Once the opening is framed, expect to spend about 3 hours sealing the opening and installing a window and its exterior trim. Also allow time for finishing the interior wall and installing interior trim.

  • Working time 3 hrs
  • Start to finish 8 hrs
  • Difficulty Kind of Easy
  • Involves Driving Nails, Installing Insulation

What you need


How to do it

Part 1

Step 1

Cover Rough Opening

Cut strips of roofing felt or building wrap and cover the bottom of the rough opening. Later you will install additional wrapping and/or flashing.

Editor's Tip
Editor's Tip

If you have a brick wall, hire a professional mason to cut the opening for you. The window attaches to the wood framing behind the brick veneer with metal masonry clips. You'll have to purchase the clips separately and attach them to your window jamb with deck screws.

Step 2

Temporarily Set Window

Set the window temporarily in place, check for level, and shim the bottom as needed. If your window calls for installing a thick flashing with a piece of plywood at the bottom install it first or raise the window by the same thickness.

Step 3

Tap in Shims

Tap in shims at the sides, checking for plumb as you go. Don't wedge the shims too tightly, or the jambs will warp. Use the level as a straightedge to confirm that the jamb has not warped.

Step 4

Adjust Shims

Make sure the window operates smoothly with the shims in place. Watch the alignment of the sash against the jambs as you move it. Adjust the shims as needed.

Step 5

Tack Nails or Screws

Tack (partially drive) nails or screws near the shims to hold the window temporarily in place.

Step 6

Mark and Cut Siding

On the outside, trace around the brick molding to mark the siding for cutting. Cut the siding.

Step 7

Install Flashing

Pry back the siding and install the felt, building wrap, or self-adhesive flashing. Cut pieces of felt or self-adhesive flashing to fit along the sides. Slip them in behind the siding, fold them over the studs, and staple. Cut a piece 6 inches longer than the width of the opening and install it the same way. Cut slits at the corners.

Editor's Tip
Editor's Tip

Newer building techniques have specific requirements for flashing a window. In general the upper pieces should overlap the lower pieces so water can flow downward without seeping in.

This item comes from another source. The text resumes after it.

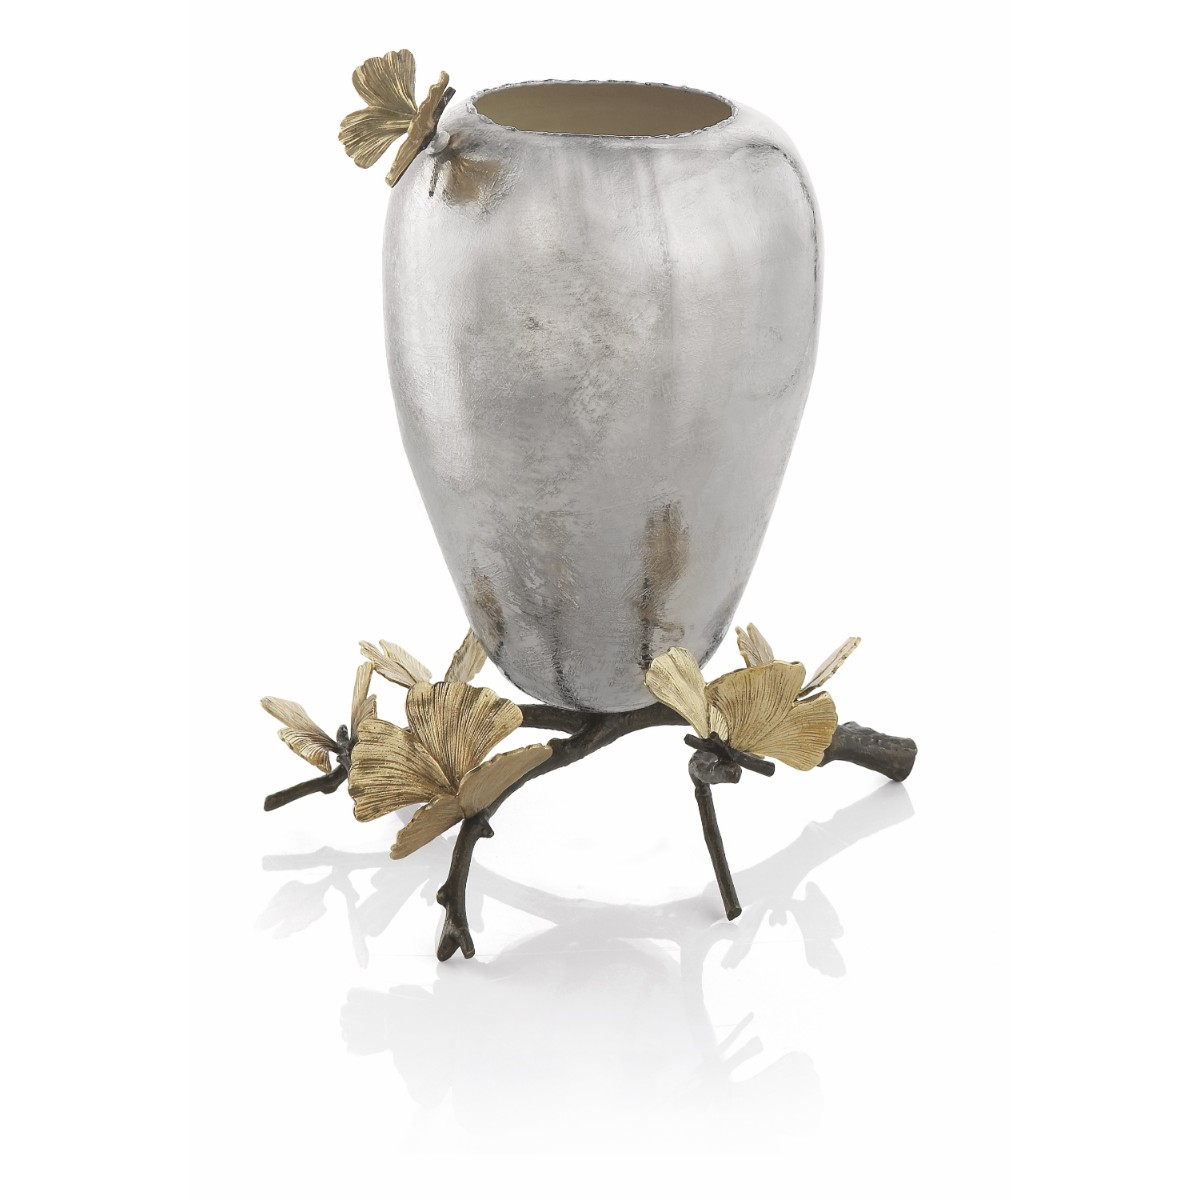 Michael Aram I Butterfly Ginkgo Vase
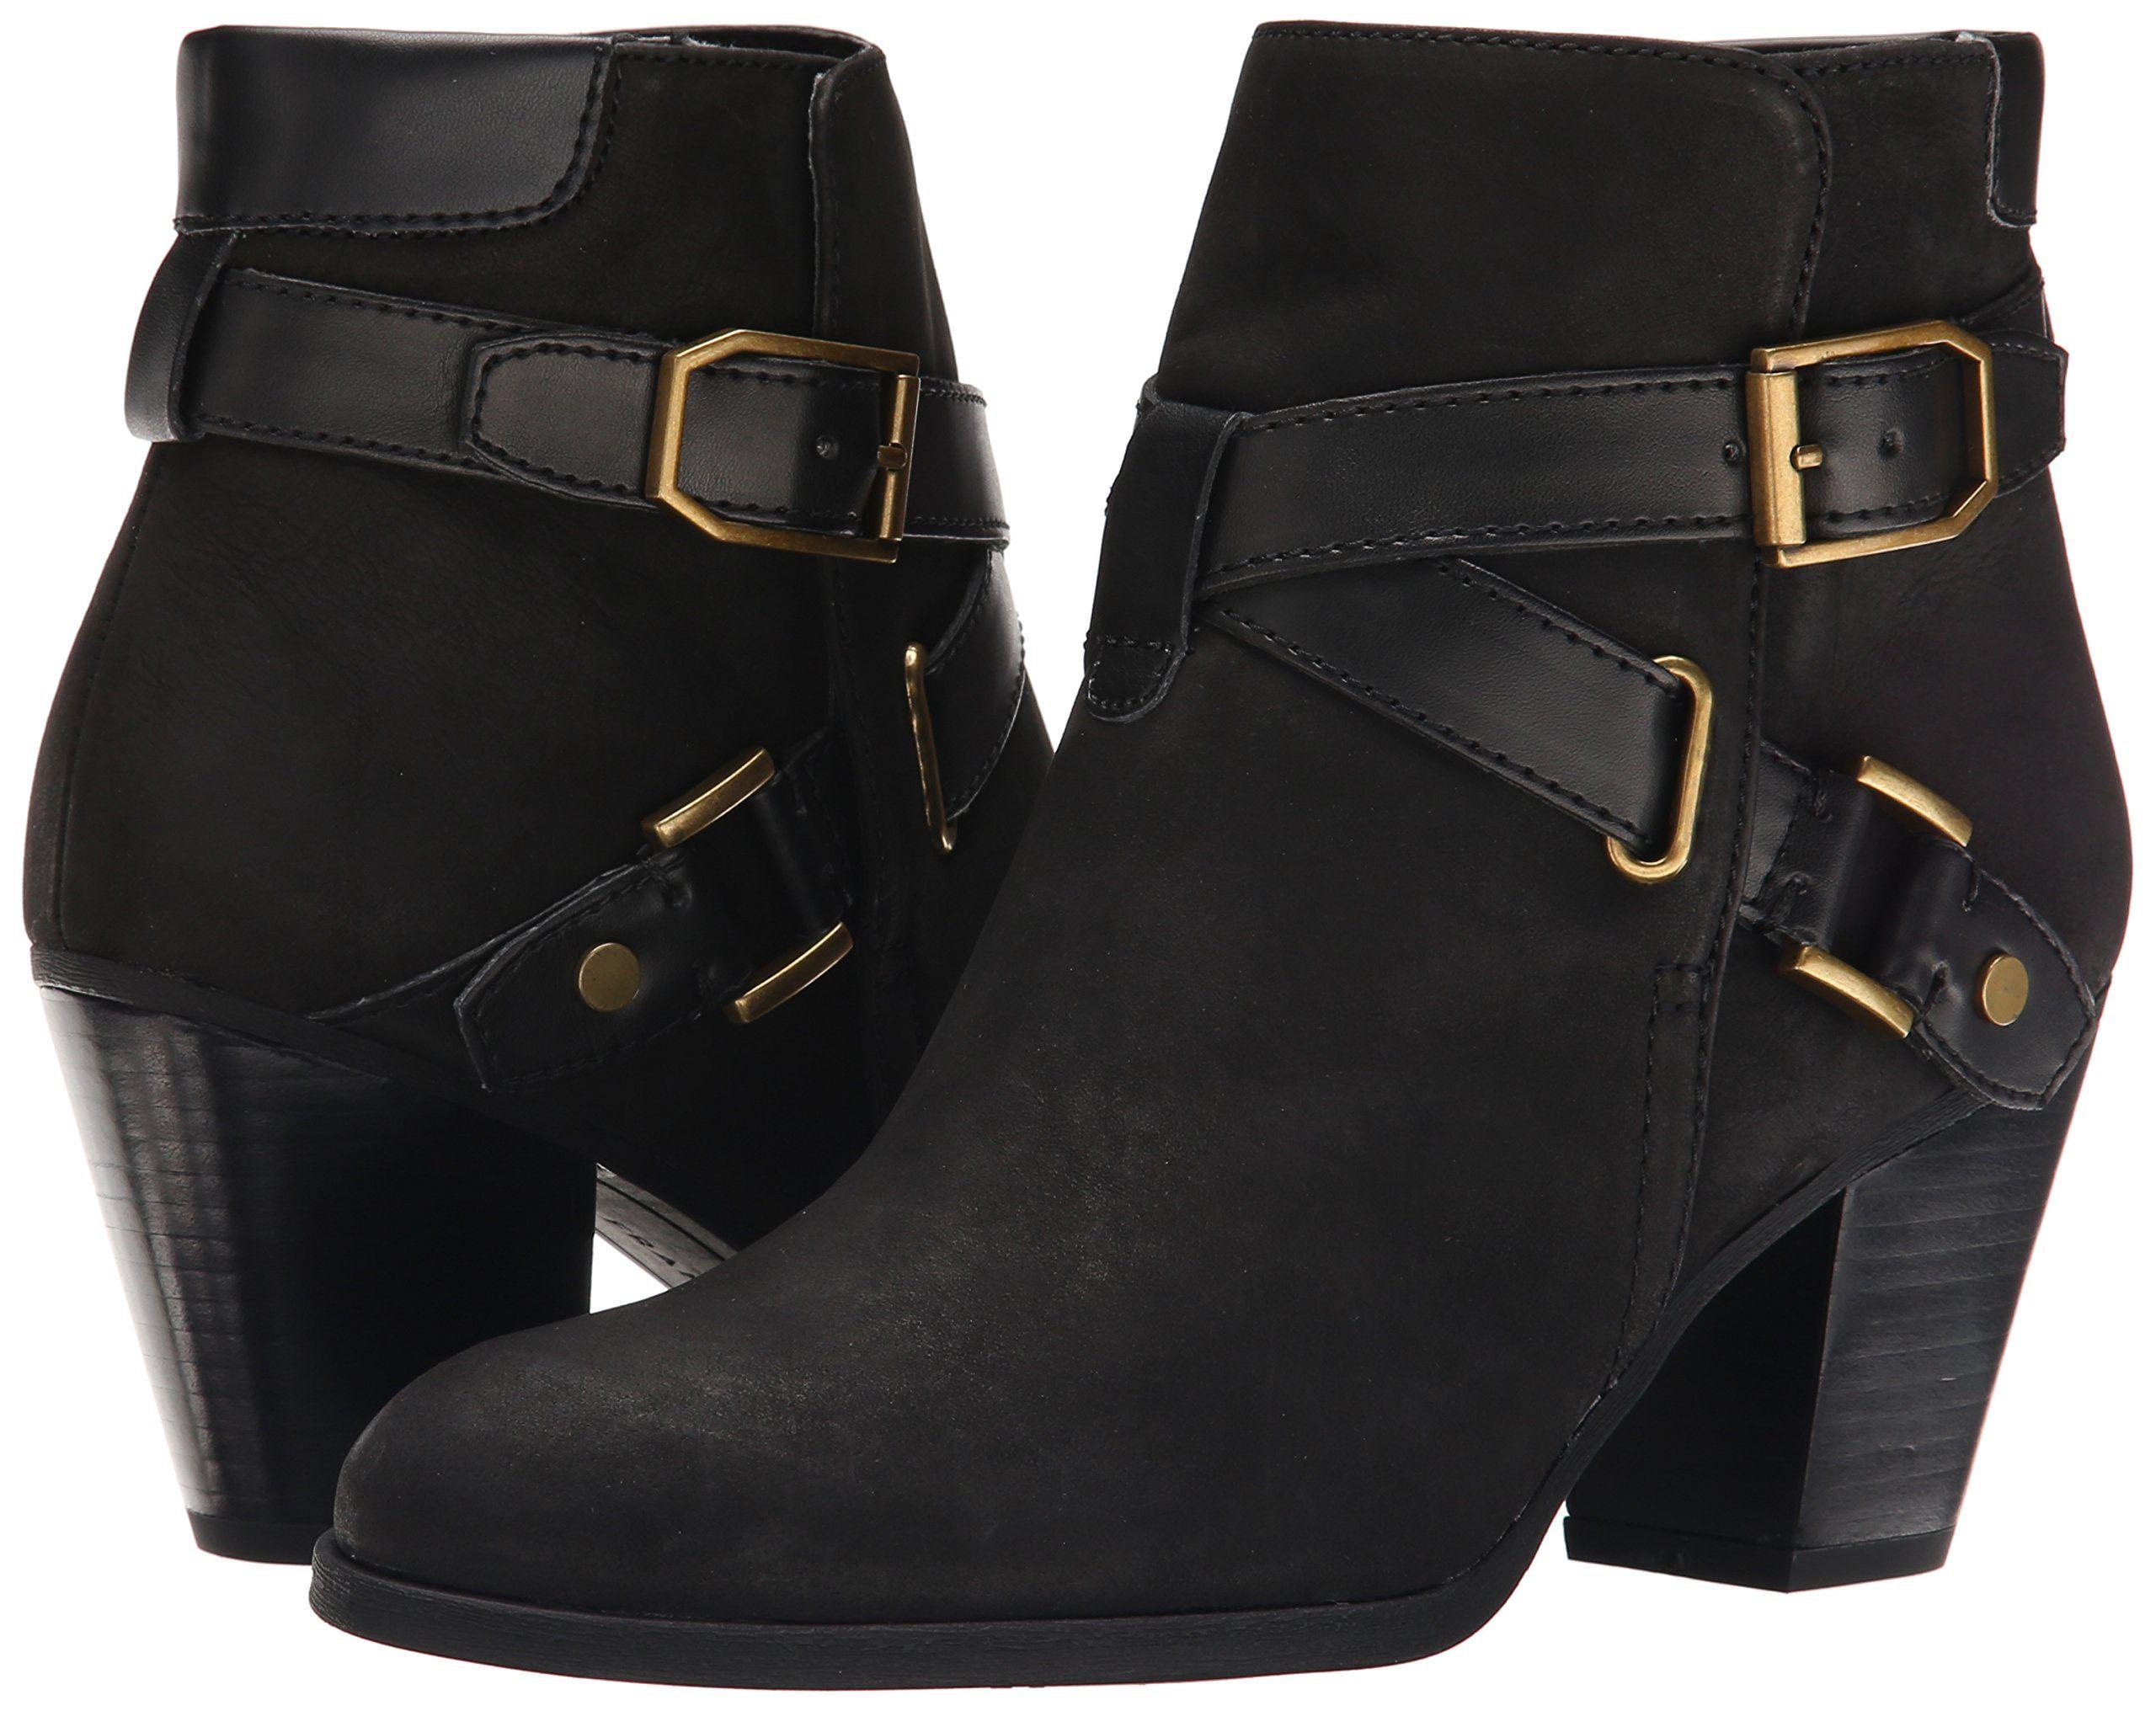 148588d54c5 Amazon.com: Franco Sarto Women's Delight Boot: Clothing | My Inner ...

When installing a window in new construction (left), the building wrap overlaps the self-stick flashing. In a remodel situation (right), a simpler arrangement is often used. Self-stick flashing is installed to the bottom, then the sides, then the top. Finally small pieces of flashing are applied over the V-shaped gaps at the corners.

Step 8

Cover Slits with Felt

The slits cut on all four corners create V-shaped openings in the felt or flashing. Cover these with small pieces of felt or self-stick flashing.

Step 9

Install Drip Cap Flashing

If your window calls for it, use tin snips to cut a piece of metal drip cap flashing and slip it under the felt at the header.

Step 10

Set Window in Place

Set the window back in place, with the brick molding tight against the felt or flashing. Inside, the front of the jambs should be flush with the finished wall. (Where you have not yet installed new drywall, the jambs should be 1/2 inch proud of the framing.)

Step 11

Shim and Check for Level

Again shim the bottom and sides, check for level and square, and check that the window operates smoothly. Following manufacturer's directions (you may need to remove pieces of trim first), partially drive 6d finishing nails through the jambs to attach the window.

Step 12

Drive Casing Nails

Outside, drive galvanized casing nails to attach the brick molding. Caulk between the trim and the window and between the trim and the siding.

Step 13

Drive Finishing Nails

Use a nail set to drive the finishing nails slightly below the surface of the wood. Where these nails are not covered with trim, apply wood putty to the resulting holes.

Step 14

Cut Shims Flush

Use a handsaw to cut the shims flush with the studs, so you can install the drywall up against the jambs.

Step 15

Insulate Window

Gently stuff fiberglass insulation into the gaps around the jambs or fill the gaps with nonexpanding spray foam insulation. Expanding foam could warp the window frame.